Has Adult Temper Tantrums. This is the least becoming trait of the borderline
partner. When he throws a full-on, rage-filled, temper tantrum it’s hard to remember
that most of the time you really love him and feel sorry for him. Jekyll-Mr. Hyde
comes to mind.
If you love a borderline man, it is wise to know what you’re dealing with. It can be very
intoxicating and alluring to be in a relationship with one, but the price you tend to pay is your
sanity. You usually end up feeling confused and overly-responsible for the other person and
the relationship.
Self-care is in order. Here are five self-care strategies you can implement today to protect
yourself from the damage caused by the cognitive dissonance you experience in a borderline
relationship:
1. Set Boundaries for Yourself. You will never be able to set boundaries for your loved
one.

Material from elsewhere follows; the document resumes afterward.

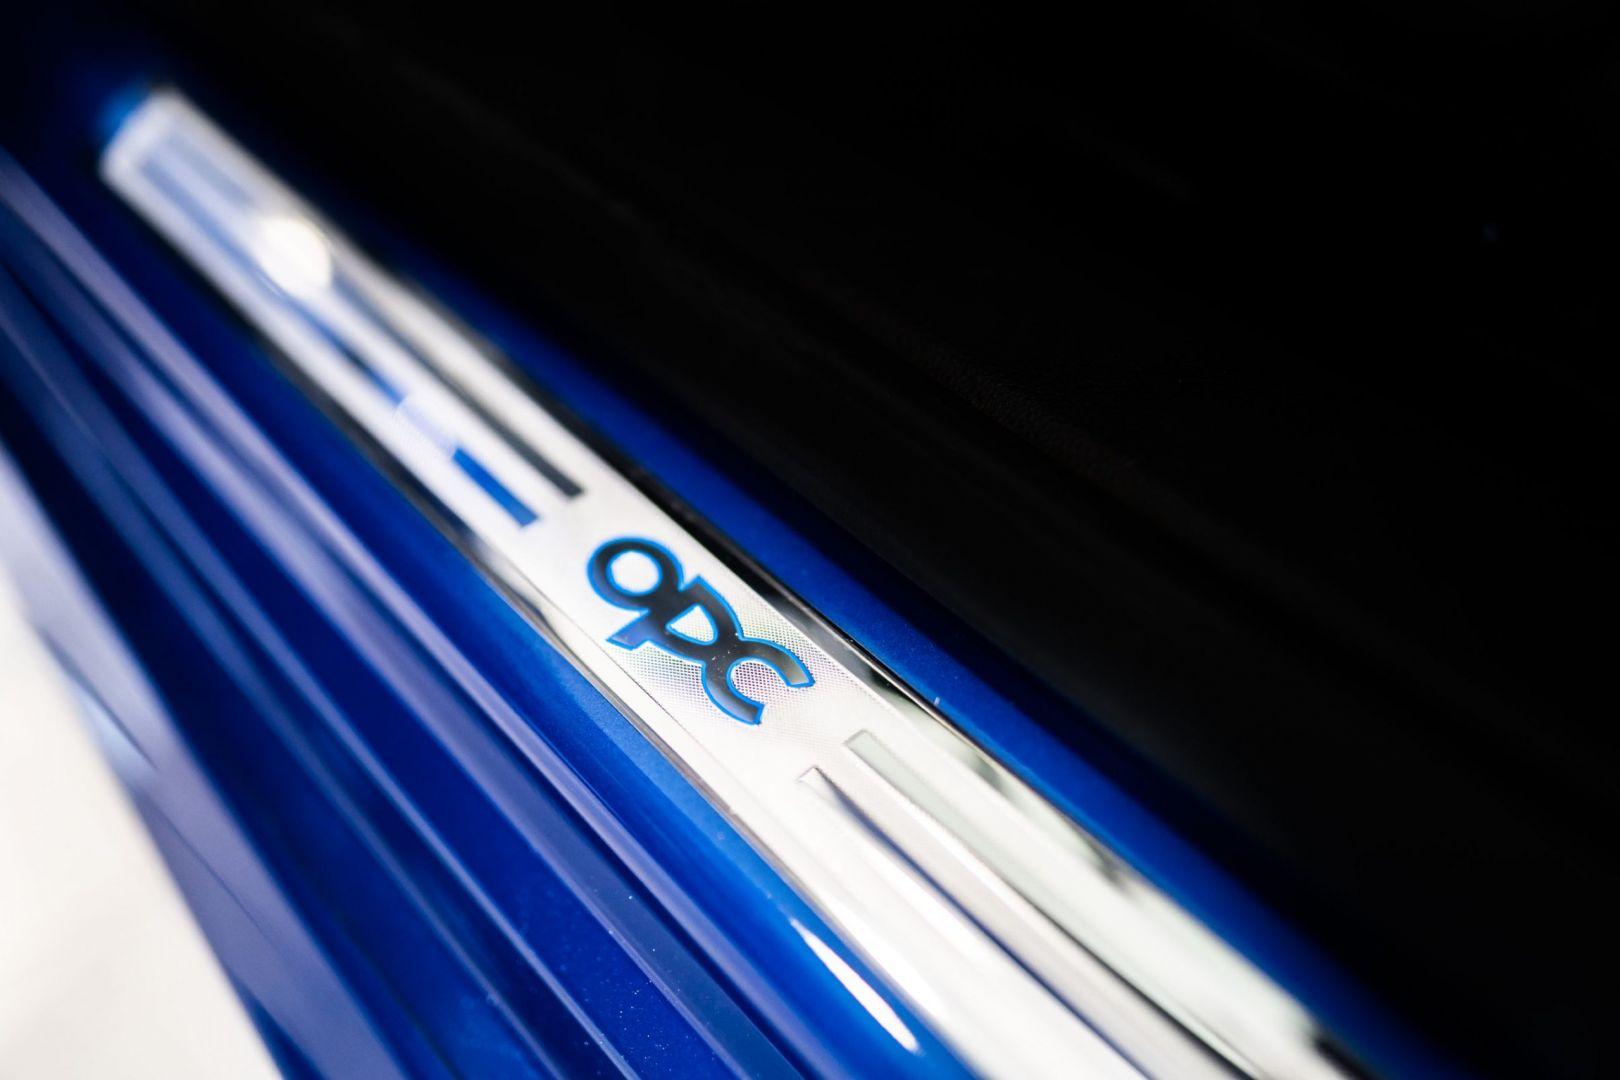 avtohisa-zalar-nova-rabljena-vozila-servis-prodaja-vzdrzevanje-zavarovanje-svetovanje (48)

The only way to survive this type of relationship is to set firm boundaries and
bottom-line behaviors for yourself. Some important boundaries include your
finances, you sexual relationship with your loved one, and your personal space. Be
prepared that the borderline will challenge every boundary you set and every “No”
you state.
2. Build Healthy Relationships with Others. You cannot navigate manipulative
relationships without other people in your life who are “normal.” You need friends
that can help you “detox” from every crazy-making encounter you experience with
your loved one. You need healthy friends to be there for you and validate your
reality.
3. Stop Playing Detective. If you suspect that your loved one is cheating on you, then
you’re probably right. Trying to catch him in the act can be a lifelong career. It will
drain you of the energy you need to live a productive and meaningful life. Let go of
your need to find out.
4. Examine your “Hooks.” What are the ways your partner “hooks” you? If you find
yourself feeling constantly guilty, what is it in you that needs to give yourself
permission to stop taking responsibility for other people’s feelings and actions? If
he is the only man for you, examine why that is? What part of you is yearning to be
fulfilled by the promise he is offering?
5. Work on Yourself. There are most likely childhood insecurities being triggered by
your negative encounters with your partner. Rather than trying to change him from
triggering you, look within yourself and see what feelings you are having. Identify
the first time in your life when you had those same feelings. Was it in your
childhood? If you can identify the early childhood wounds being triggered by your
relationship, work on healing that aspect of yourself rather than focusing on him and
his issues. Finding a good therapist can help you with this.
Do not give up, there is hope for recovery from a borderline relationship.